Multi-port support is essential for various reasons, including some of the below:

  1. Parallel Processing: It allows the system to process multiple app streams concurrently, enhancing efficiency and reducing latency.
  2. Diverse Services: Different applications or services often require dedicated ports to function. Multi-port support enables a system to accommodate a variety of services simultaneously.
  3. Load Balancing: Distributing application traffic across multiple ports helps balance the load, preventing bottlenecks and optimizing resource utilization.
  4. Security: Sometimes SecOps want to have testing ports opened, which allow access to applications for testing, scanning, monitoring, and addressing potential security vulnerabilities.
  5. Flexibility: Systems with multi-port support are adaptable to modern micro-service-based architectures, supporting a diverse range of applications and services.
  6. IP limitations: Since IP’s are limited, customers don’t want to use a different IP for each user, so instead they want to reserve a single IP and want to distribute load on different ports.

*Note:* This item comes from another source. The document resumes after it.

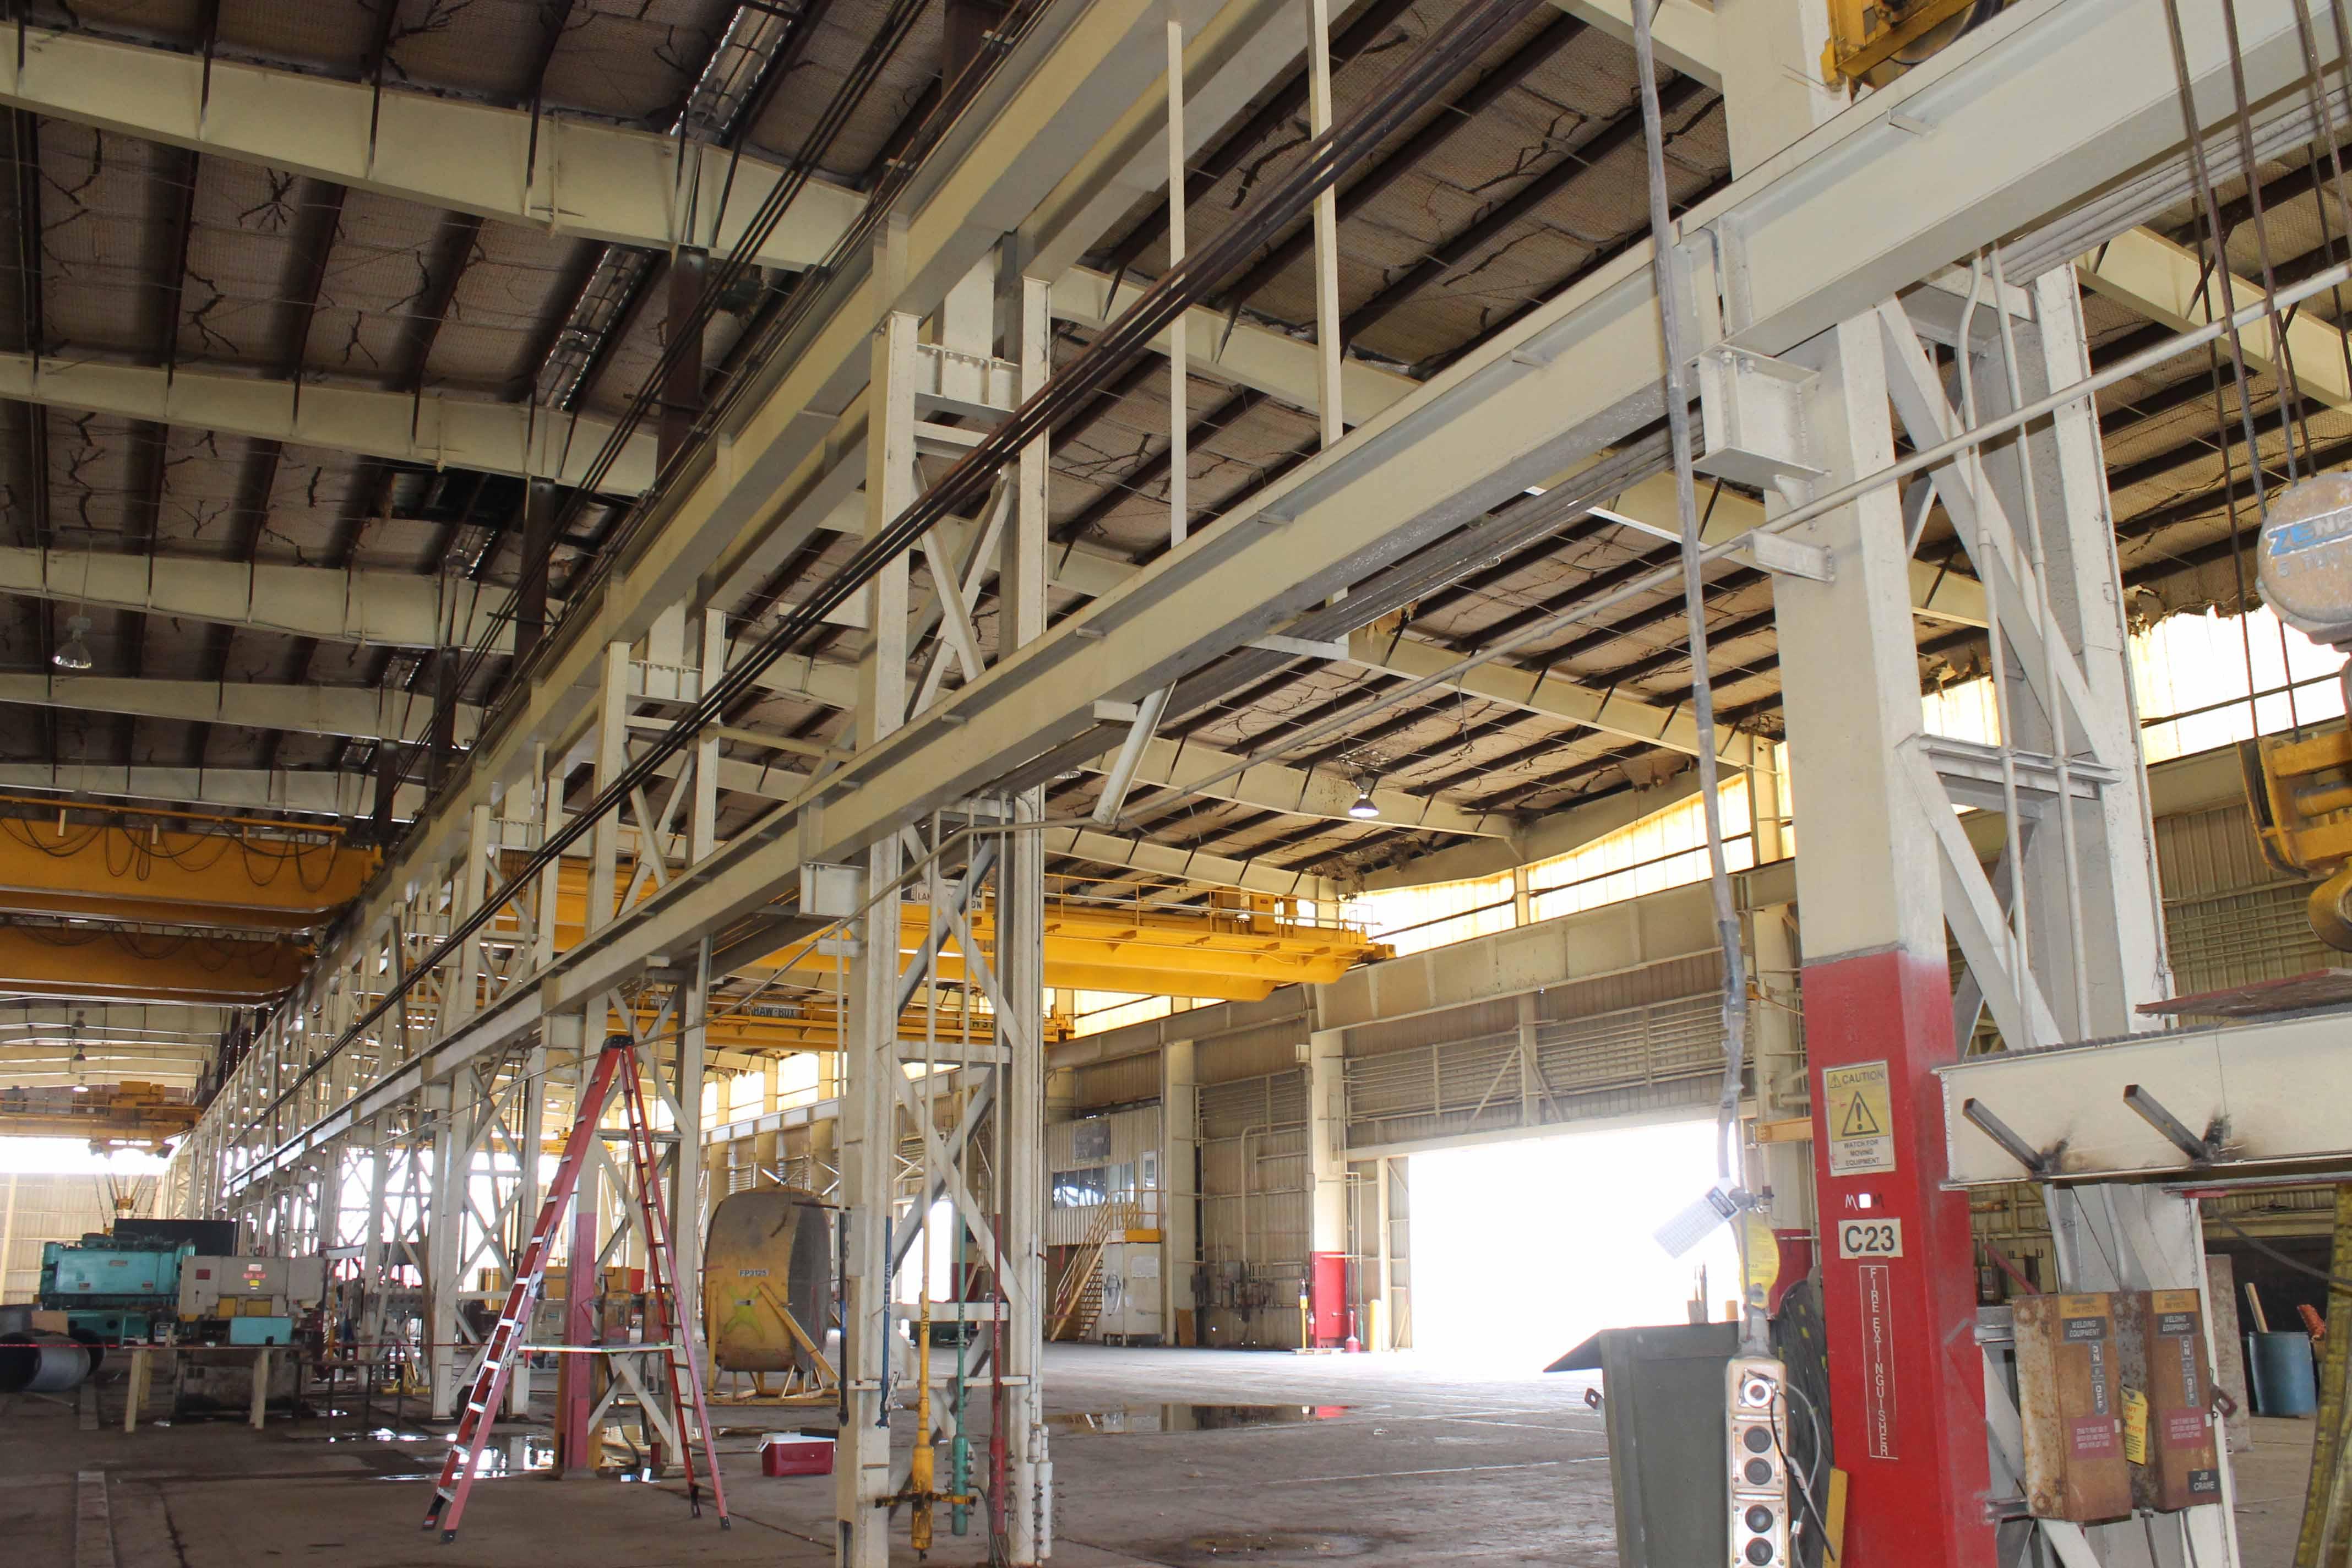 Lot 12 - Dual I-beam OH Crane Runway, approx 325', w/rail (Location: Pipe Shop)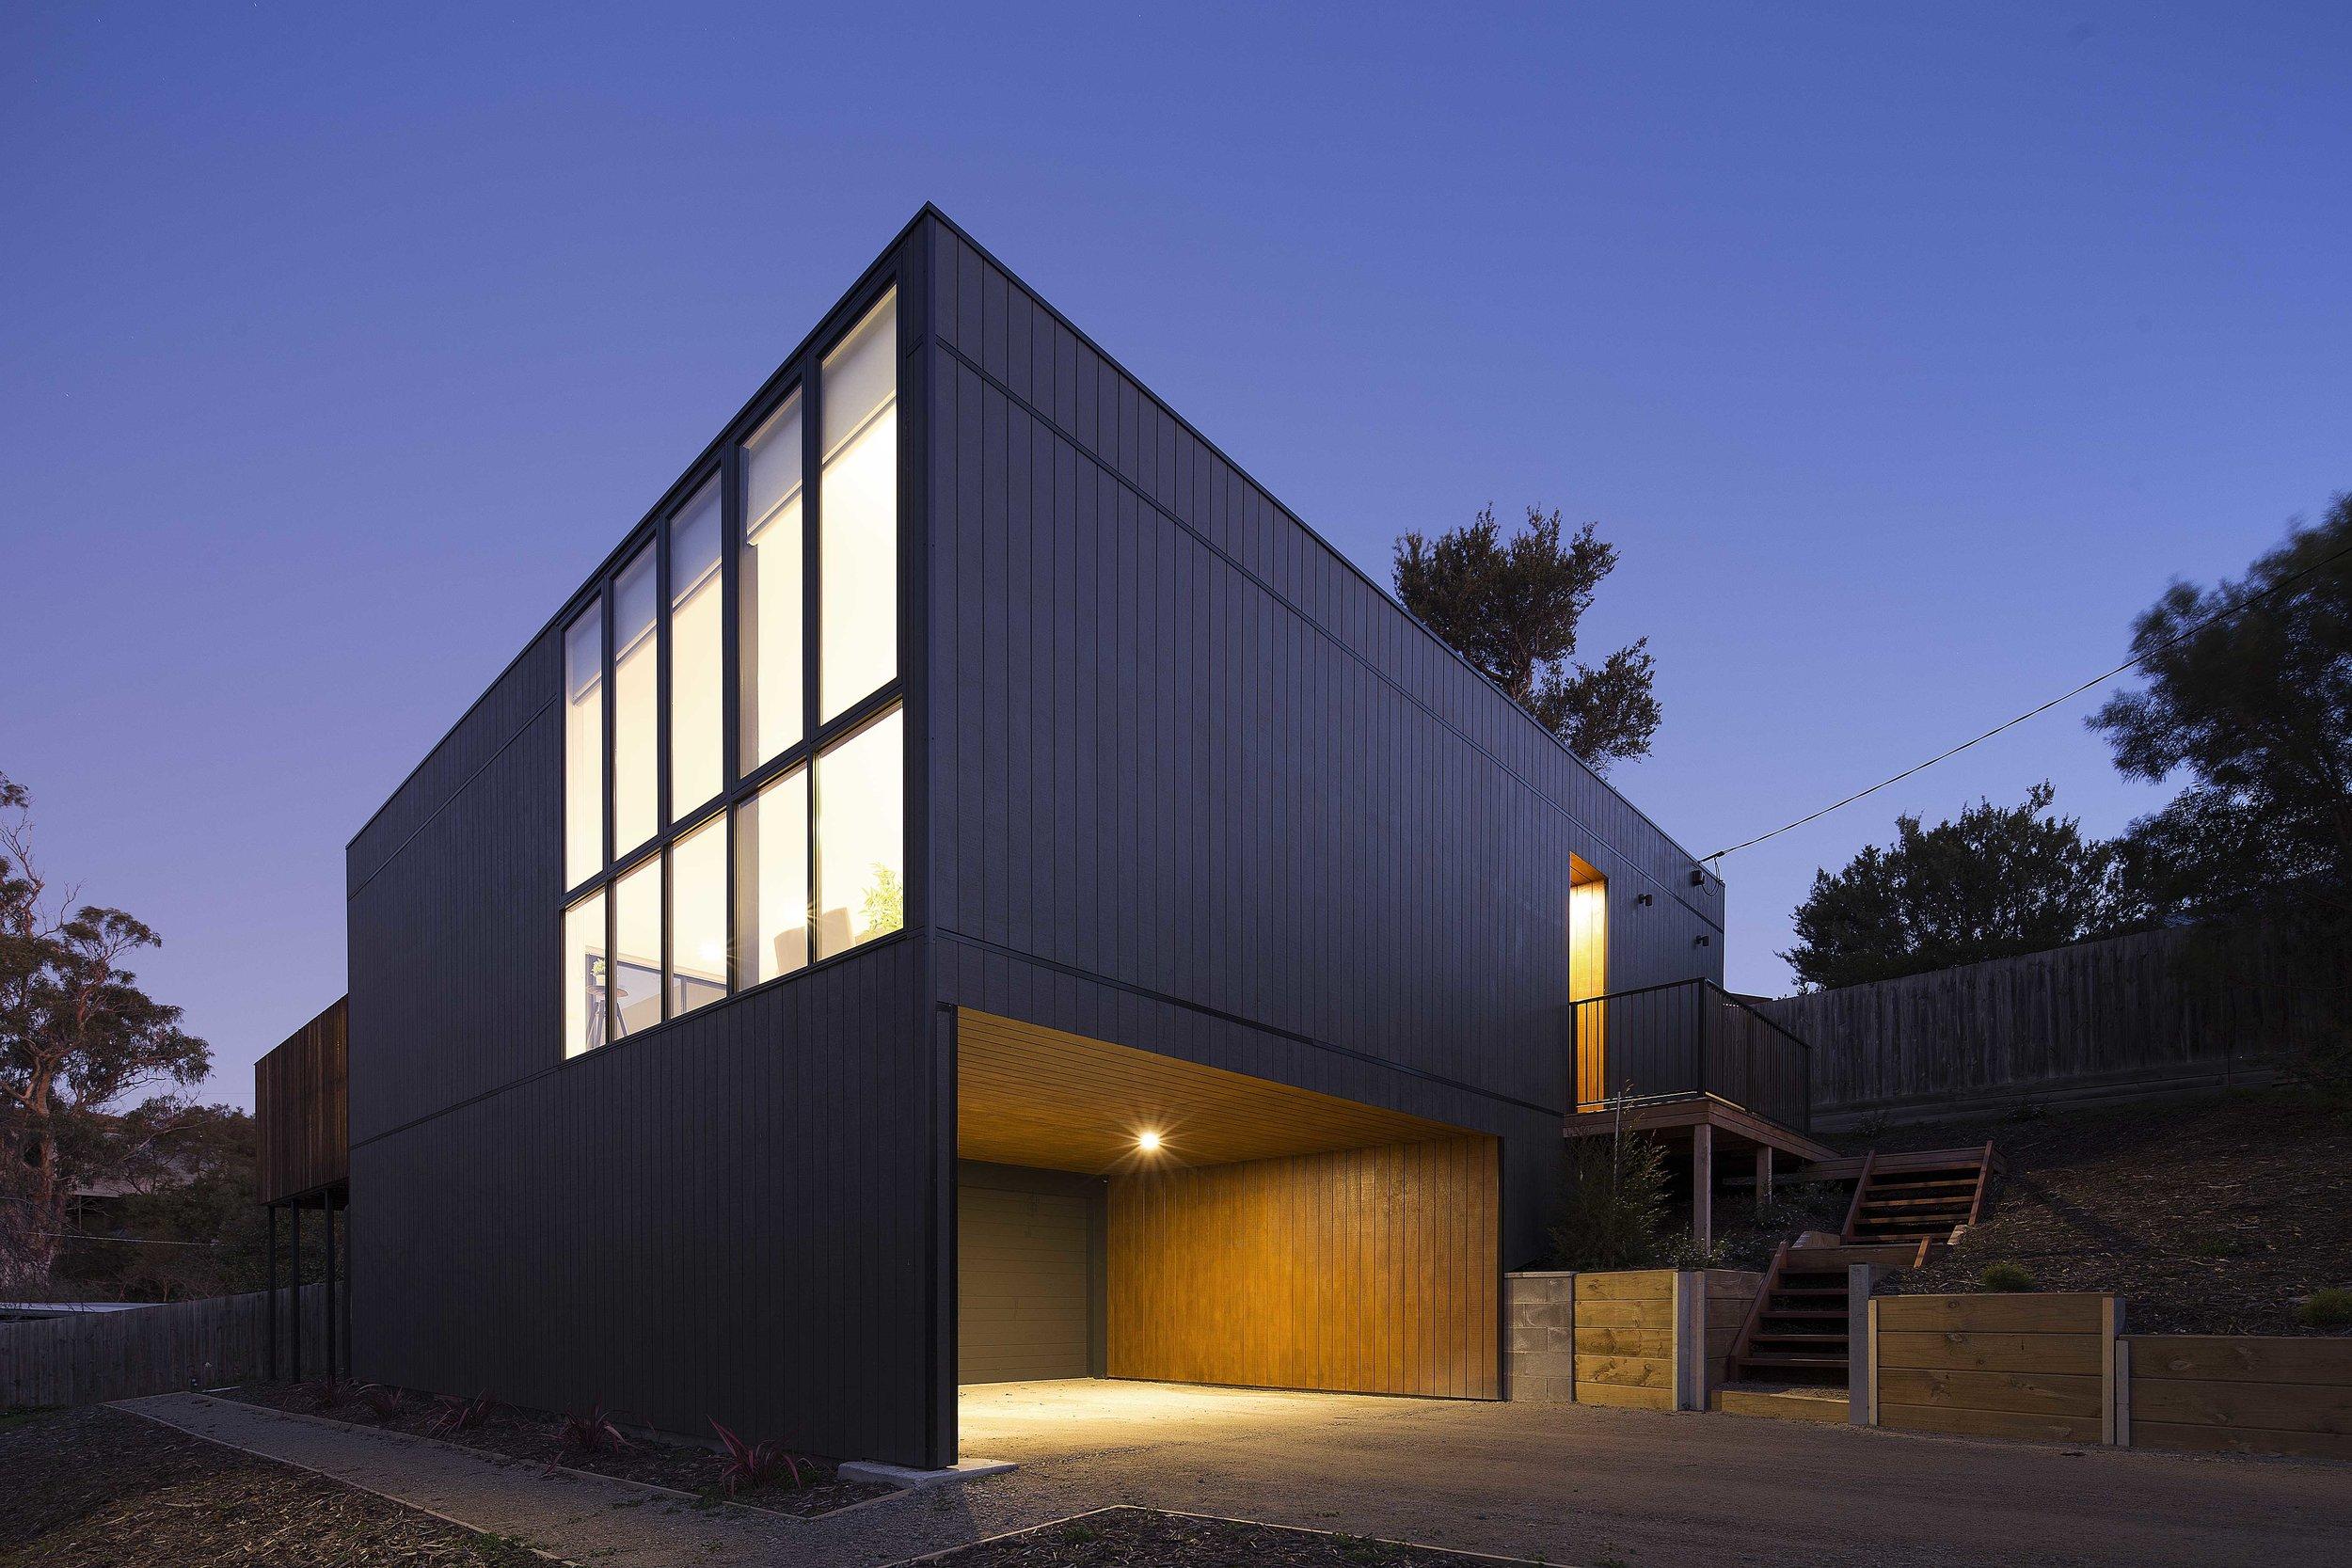 Pitch_Architecture_Black Box House_1

Note: For today’s demonstration, we have deployed multiple demo applications like JuiceShop, DVWA, NGINX, F5 Air as micro-services on multiple systems/ports to showcase the capabilities of multi-port support and their deployment steps are out of scope in this article.


Let’s unravel three below real-world use cases of multi-port support and how it can be implemented in F5 Distributed Cloud (F5 XC) in easy-to-follow steps.


Use case I – Multiple Ports

In this use case, let’s assume the customer already has onboarded his backend application as an origin pool in XC. Next, the customer wants to access the same application using multiple ports, either for genuine access or for testing.

For achieving this use case, follow below steps:

  1. Login to F5 XC console and navigate to “Distributed Apps” --> “Manage Load balancer” section
  2. For this use case, create a HTTP load balancer with your backend application, needed ports in csv format, type as HTTP, name, domain name as shown below.
    NOTE: Provide only unused ports or you will run into port conflict errors. Also configure DNS records as per your setup.

  3. Once load balancer is created successfully, validate your application is accessible on the configured port and LB domain name


Use case II – Port Range 

In this scenario, customers have the requirement to access an application in a range of ports either for parallel processing or load balancing.

For configuration, follow below steps:

  1. Login to F5 XC console and navigate to “Distributed Apps” section
  2. For this use case, create a HTTPS load balancer with your backend application, needed port range and domain name as shown below.
    NOTE: Provide only unused port range to avoid port conflict error.
  3. Validate your application is accessible on configured ports just like below

Use case III – Origin Pool Dynamic port 

In this requirement, the backend application port should be dynamic and is dependent on the load balancer access port number. Let’s say a customer has multiple services running on multiple ports and wants users to access these services using a single TCP load balancer.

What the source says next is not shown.